„Es gibt einen Preis dafür, das Bankensystem sicherer und stabiler zu machen: und dieser Preis wird unvermeidbar von der Realwirtschaft getragen“. Dieser Satz stammt von einem gewissen Peter Sands, Direktor jenes Weltbankenverbandes, der kürzlich in Wien tagte. Seinen Namen müssen wir uns nicht merken, der Satz als solcher aber ist merk-würdig.
Als hätten wir nicht schon genug an den Schäden zu tragen, die ein mit schweren Konstruktionsmängeln ausgestattetes Finanzsystem angerichtet hat, warnen uns also die Spitzen der großen Geldhäuser davor, ihr unkontrolliertes Wirken in weniger gefährliche Bahnen zu lenken. Die geforderten neuen Eigenkapitalvorschriften („Basel III“) würden den Banken einen so hohen Kapitalbedarf auferlegen, dass man in Hinkunft weniger Kredite vergeben und in Summe 9,7 Millionen Arbeitsplätze gefährden würde.
Das Argument ist ungefähr so zwingend wie das eines Öl-Managers, der nach Auftreten des größten ausdenkbaren Unfalls auf einer Ölplattform vor strengeren Sicherheitsstandards warnt, weil sie letztlich „von der Realwirtschaft“ (uns allen) getragen werden müssten.
Wahr ist: das Welt-Bankensystem hat auf Grundlage einer empirisch leider gescheiterten Kapitalmarkttheorie in einer Kombination von Fehl-Regulierung, Kapitalmarktgläubigkeit und Maßlosigkeit in der Finanzmarktkrise soviel (Schein-)Geld vernichtet und Bankkapital verbraucht, dass eine sofortige Reparatur des Systems alle überfordern würde. Wir brauchen daher Zeit und dürfen die neuen Anforderungen nicht abrupt stellen. Das ändert aber nichts an der Notwendigkeit, die neuen Spielregeln endlich verbindlich festzulegen.
Die Lizenzen für spekulative Geschäftsfelder müssen in Zukunft sehr selektiv vergeben werden, die Lizenzgebühren müssen hoch sein und sie müssen von den Finanzhäusern selbst getragen werden. Nur mehr jene Teile des Bankensystems, die direkten Nutzen für Unternehmen und Konsumenten stiften, dürfen mit staatlicher Unterstützung rechnen, während die potentiell systemgefährdenden Geschäftsfelder abzutrennen sind.

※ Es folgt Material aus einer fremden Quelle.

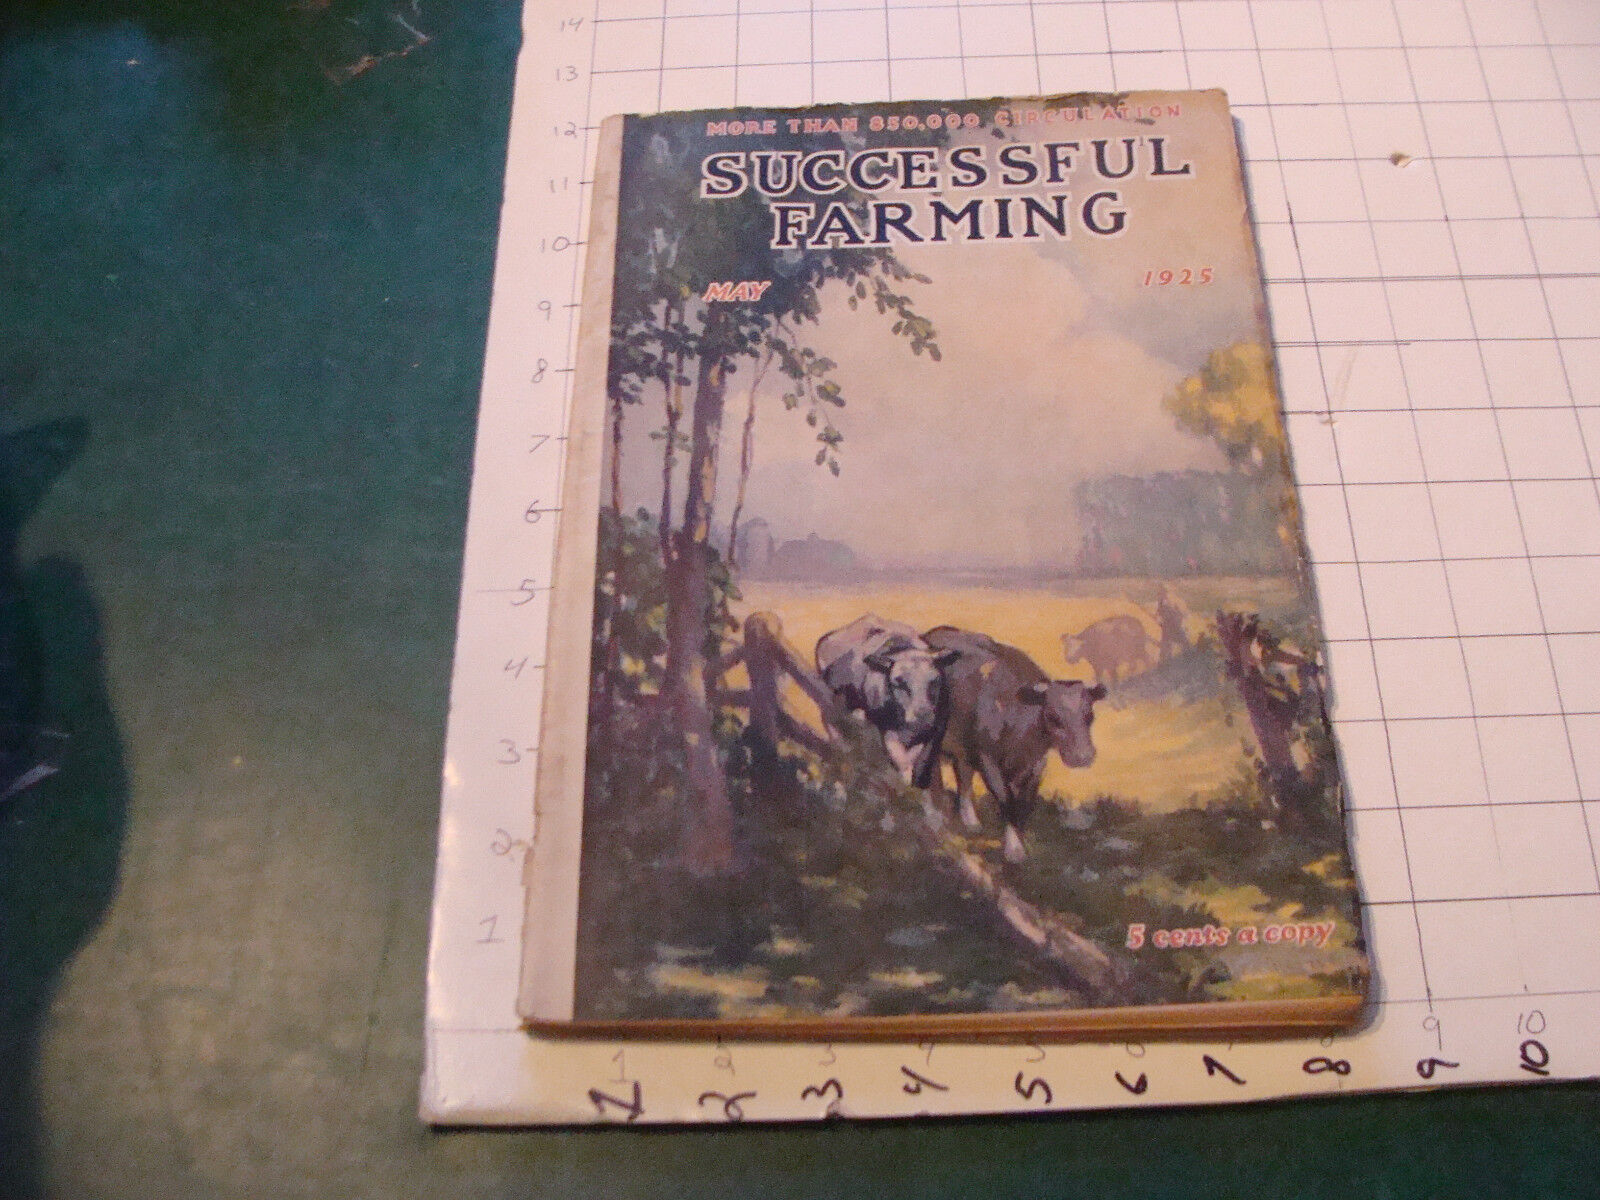 Check it out: SUCCESSFUL FARMING mag 1925 may COWS Cover

Überraschenderweise nimmt sich gerade der neue britische Schatzkanzler George Osborne dieses Themas mit unkonventioneller Offenheit an. Die konservativ-liberale Koalition will innerhalb eines Jahres geprüft haben, wie sich große Geldhäuser in eine (spekulative) Investment- und eine („normale“) Geschäftsbank aufspalten lassen. Wirtschaftsminister Vince Cable lässt sich mit dem Satz zitieren: „Die Reise geht klar in Richtung einer Trennung von Privatkundengeschäft und Kasino-Banken“.
Josef Schumpeter antwortete einst den Kritikern stringenter Rahmenbedingungen für den Markt, man käme schließlich auch mit einem Auto, das über ein gutes Bremssystem verfügt, schneller ans Ziel, als mit einem Auto ohne Bremsen. Es ist meine zutiefst wirtschaftliberale Überzeugung, dass auch ein Finanzsystem mit neuen (regulatorischen) Sicherheitssystemen besser vorankommt und mehr Nutzen für alle stiftet als jener ungebremste Finanzliberalismus, mit dem wir aus der Kurve geflogen sind.